[PATCH] Output unmodified Content-Type header value for JSON format.

Sun Jan 15 09:58:40 PST 2012

On Sun, 15 Jan 2012 11:52:40 +0000, David Edmondson <dme at dme.org> wrote:
> > Technically the IRC discussion was about not including *any* part
> > content in the JSON output, and always using show --format=raw or
> > similar to retrieve desired parts.  Currently, notmuch includes part
> > content in the JSON only for text/*, *except* when it's text/html.  I
> > assume non-text parts are omitted because binary data is hard to
> > represent in JSON and text/html is omitted because some people don't
> > need it.  However, this leads to some peculiar asymmetry in the Emacs
> > code where sometimes it pulls part content out of the JSON and
> > sometimes it retrieves it using show --format=raw.  This in turn leads
> > to asymmetry in content encoding handling, since notmuch handles
> > content encoding for parts included in the JSON (and there's no good
> > way around that since JSON is Unicode), but not for parts retrieved as
> > raw.
> 
> Including the text output in the JSON results in significantly fewer
> calls to 'notmuch' during the building of a typical `notmuch-show-mode'
> buffer. Someone with one of those older, crankier computers could easily
> test how much effect this has by changing
> `notmuch-show-get-bodypart-content' slightly.

Yes.  I was mostly reiterating the IRC discussion for Pieter.  Since
this discussion, I've stabilized on the pre-fetching notion I described
in id:"20120115003617.GH1801 at mit.edu", though I do think we should make
this clear in the code: that the rule for whether the JSON includes a
"content" key for a leaf part is internal to the CLI and that consumers
should be prepared to use it if it's there and to retrieve the content
separately if it's not.  This is exactly how the Emacs code happens to
work, it just hasn't been codified anywhere.  Looking at it this way
gives us more flexibility than the current code takes advantage of; for
example we could omit content from the JSON if it's over some size
threshold since the cost of sending that to a client that doesn't need
it is high while the cost of having the client retrieve it for itself is
relatively low.

> > The idea discussed on IRC was to remove all part content from the JSON
> > output and to always use show to retrieve it, possibly beefing up
> > show's support for content decoding (and possibly introducing a way to
> > retrieve multiple raw parts at once to avoid re-parsing).  This would
> > get the JSON format out of the business of guessing what consumers
> > need, simplify the Emacs code, and normalize content encoding
> > handling.
> 
> Is there a real problem being solved here?
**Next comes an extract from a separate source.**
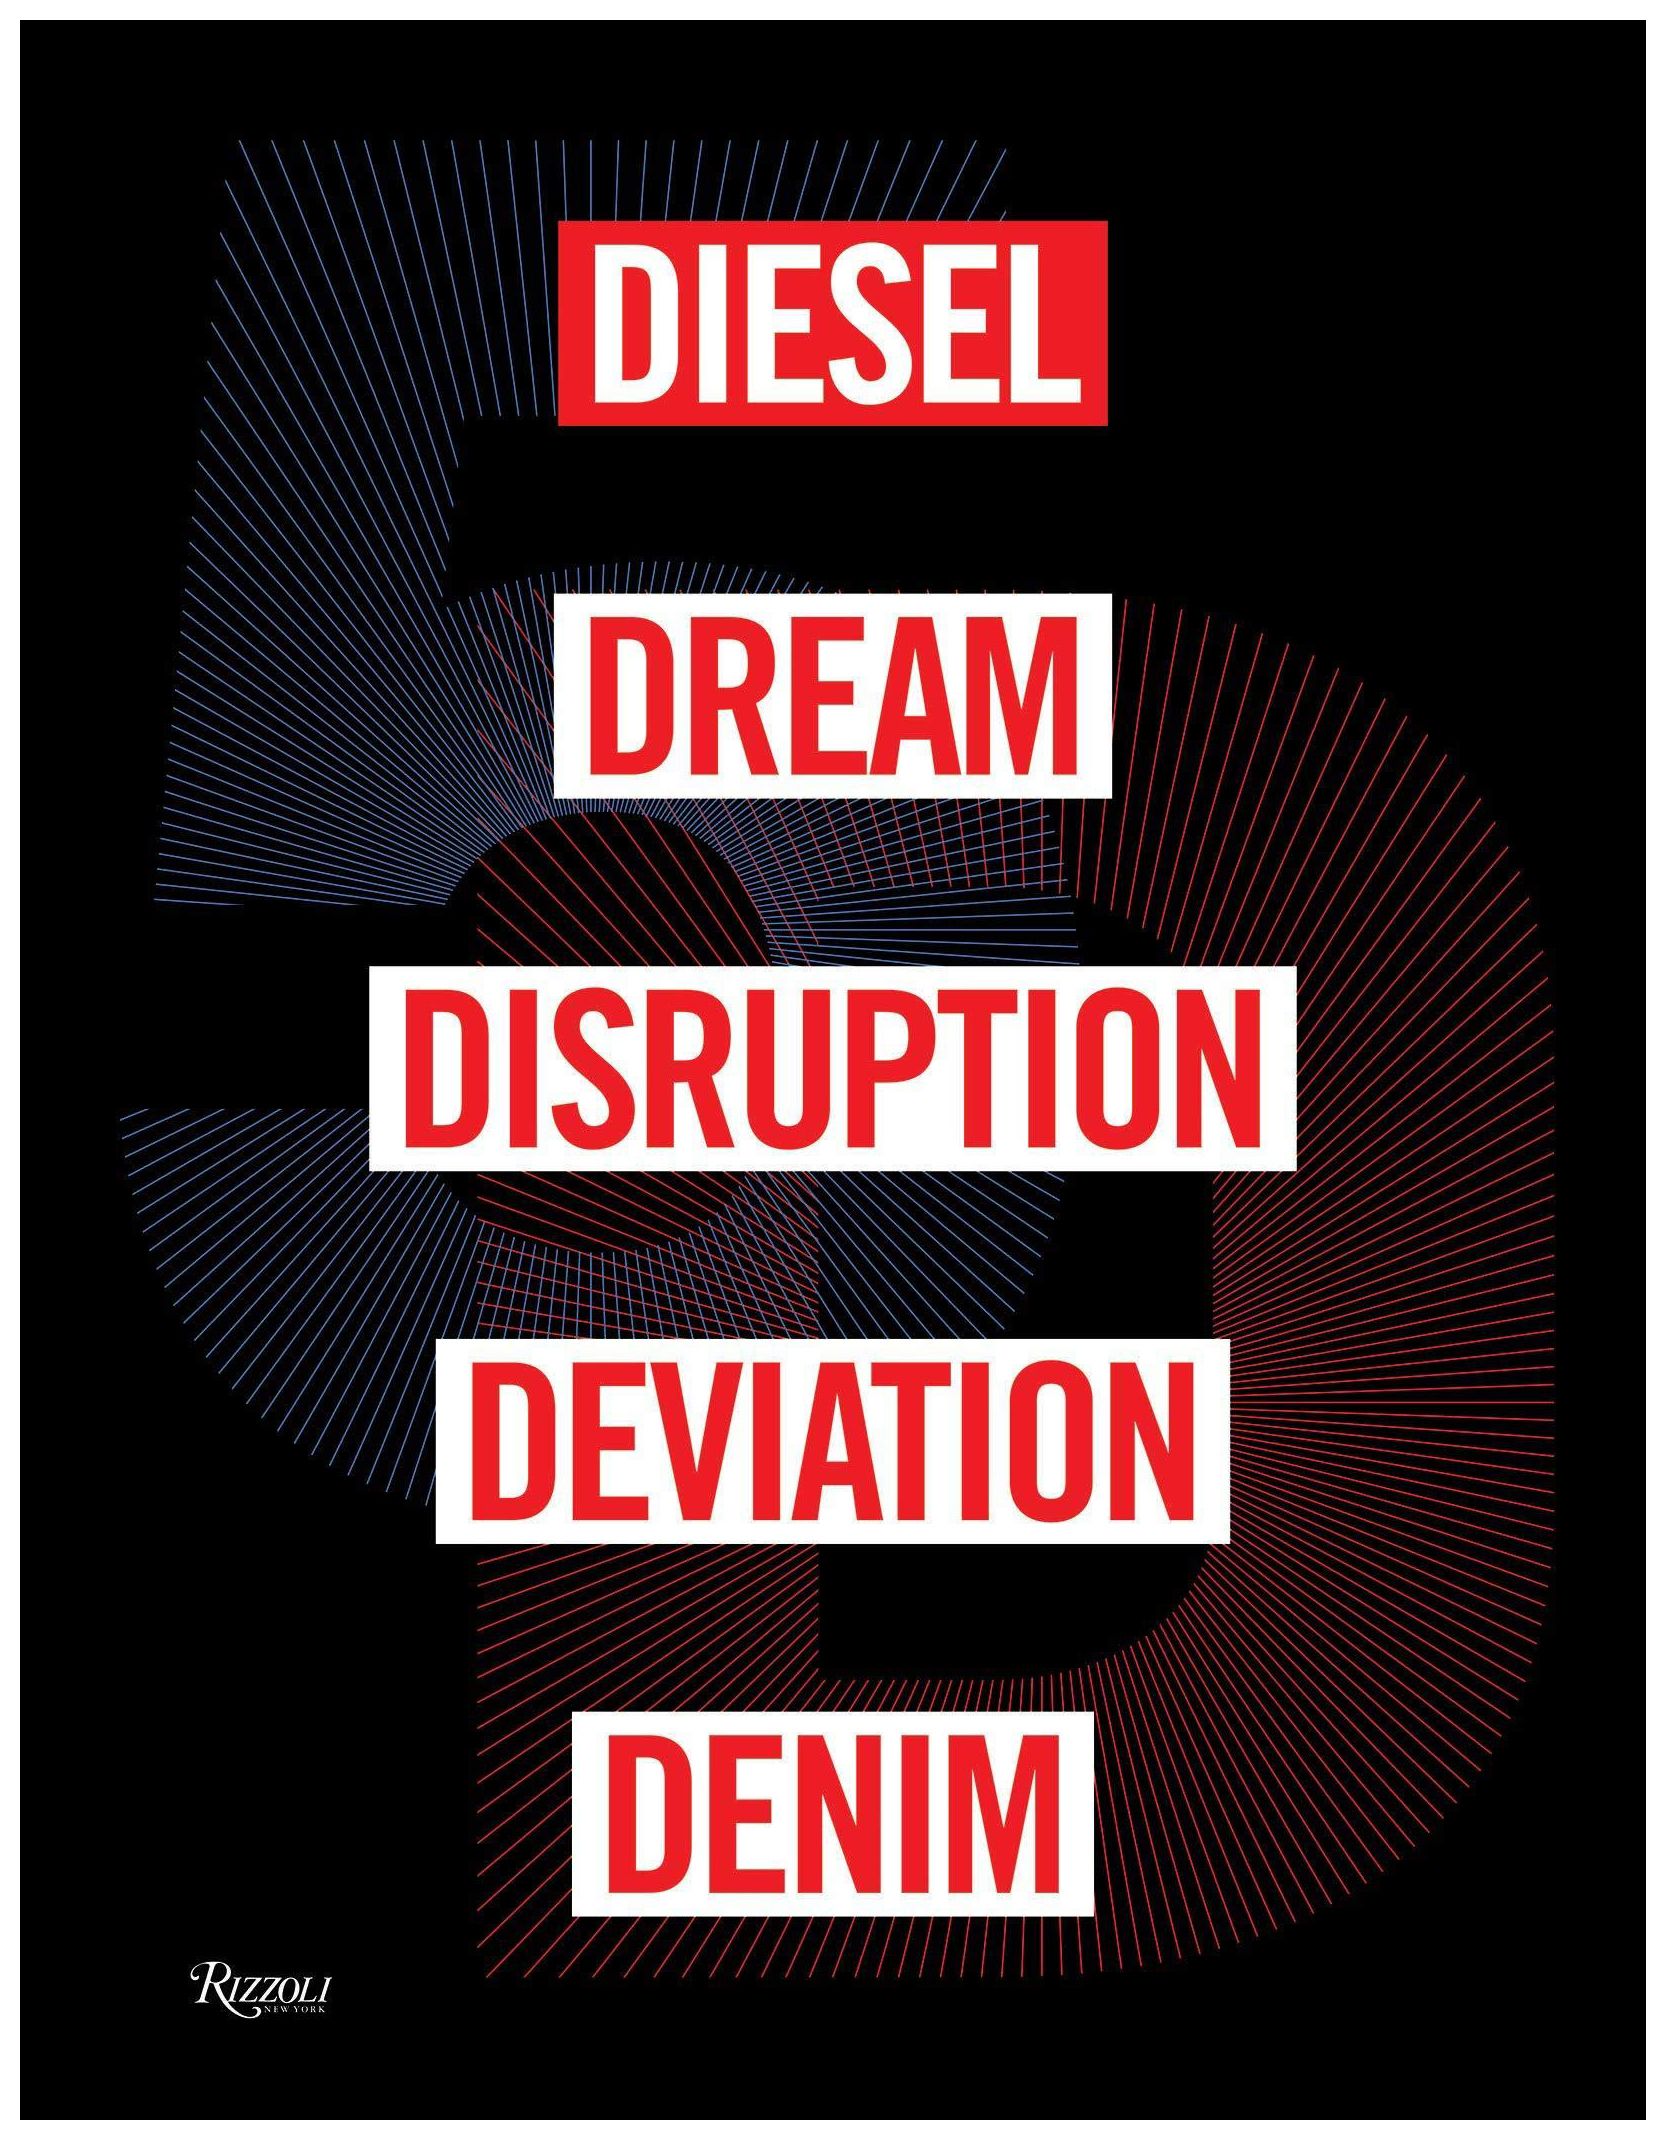 Diesel, Dream, Disruption, Deviation, Denim

Having a clean structure is
> nice, except when it's not.

The "real" problem is the asymmetry in encoding handling that started
this discussion.  Content included in the JSON is re-encoded by the CLI,
while content retrieved via raw needs to be re-encoded by the client.

OTOH, I don't understand the encoding story for HTML, since the encoding
can come from either a header or from the body of the HTML.  Does this
make it strictly necessary for the client to handle the encoding?